7

most convincing arguments against the fly transmission hypothesis, is the fact
that although flies were most abundant during the rainy season in Cambay, I
never saw a single early case which I could say was definitely infected during
this time. From October to January I regularly examined some eight hundred
children in three of the local schools, and although a number of them had not
yet contracted the disease, I failed to find a single early lesion. The skin of
each child was thoroughly searched, and any suspicious pimple or nodule was
punctured and the contents microscopically examined. Further, if the trans-
mission is regularly carried out by the fly, as suggested by Row, surely I would
myself have become infected, for all the factors mentioned by him were cer-
tainly present in my case, with the exception that the flies did not ingest the
parasites along with blood, which he states is essential for them to live and
develop in. I find it difficult to understand how a non-bloodsucking fly, such
as Musca nebulo, can obtain blood from a sore, for the only medium in which
I found the parasites discharging from the sore, was a whitish fluid containing
leucocytes. Lastly, the fact that the disease never spreads in a house during
the fly season, even when several people with sores in a suitable condition are
present, is I think very strong evidence against the fly transmision hypothesis.
In Cambay the disease is most frequently contracted during the cold weather,
which is very severe, the thermometer frequently registering a few degrees
above 0°C, and at this time of the year house flies are very scarce.

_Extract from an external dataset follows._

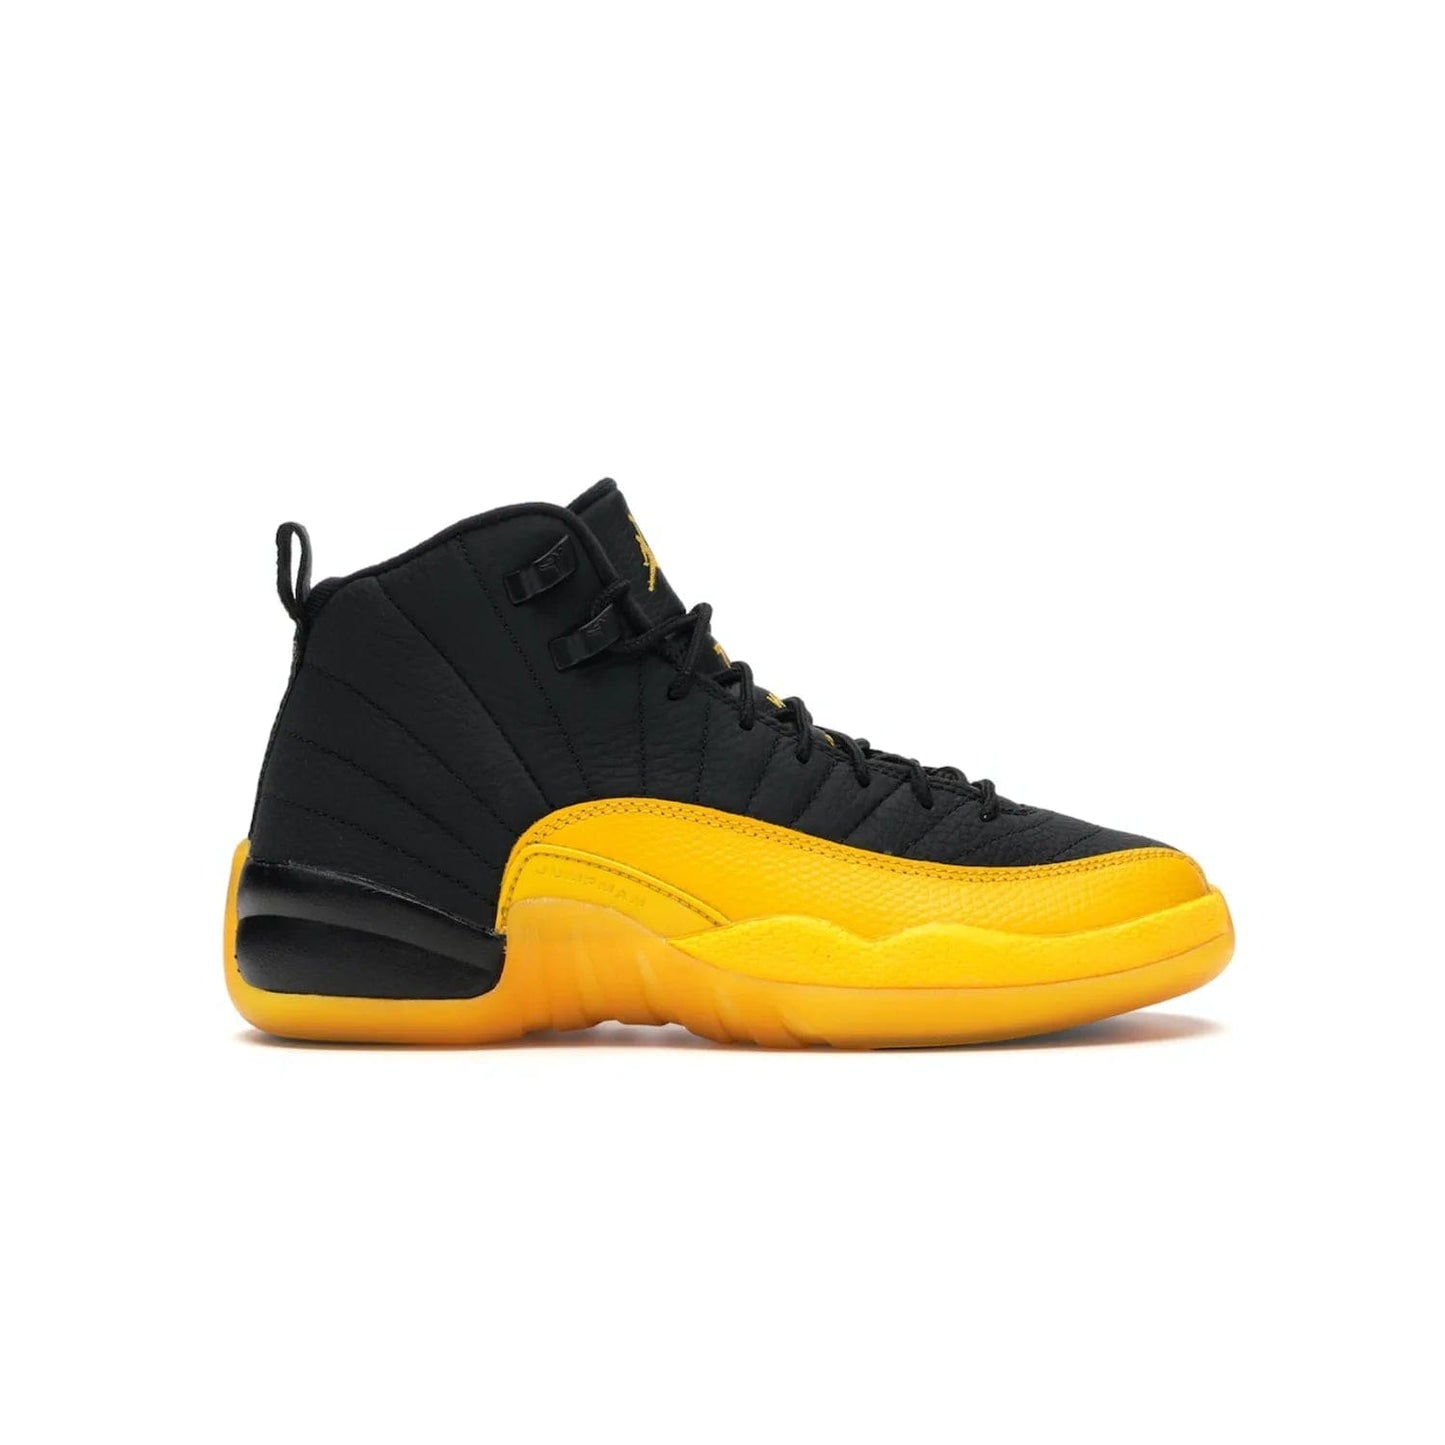 Jordan 12 Retro Black University Gold (GS) - Image 1 - Only at www.BallersClubKickz.com - Upgrade your kid's shoe collection with the Jordan 12 Retro Black University Gold. With classic style, black tumbled leather upper, and University Gold accents, it's a great summer look. Out July 2020.

      Cardamatis and Melissidis state that the parasite of Oriental Sore in
Greece (?) lives as long as six days in the alimentary tract of the house fly
(species not stated), but they do not say whether they used bred flies in their
experiments. From the fact that wild house flies are commonly infected with
several species of herpetomonads, such experiments as they record are of little
or no value.

EXPERIMENT III.

IS THE PARASITE TRANSMITTED BY LICE,—PEDICULUS VESTIMENTI
AND PEDICULUS CAPITIS L. ?

      It may be thought that lice are the most suitable carriers of the parasite,
more particularly the species found on the body, as they may crawl over a sore,
and thus become infected. Later they may be transferred to a susceptible person
and infect him. A large number of body and head lice were obtained, the
former with great difficulty, they were then kept on small pieces of cloth, in
glass tubes, and regularly fed on the case mentioned above; others were allowed
to crawl over the surface of the sore, and to suck up blood from the margin.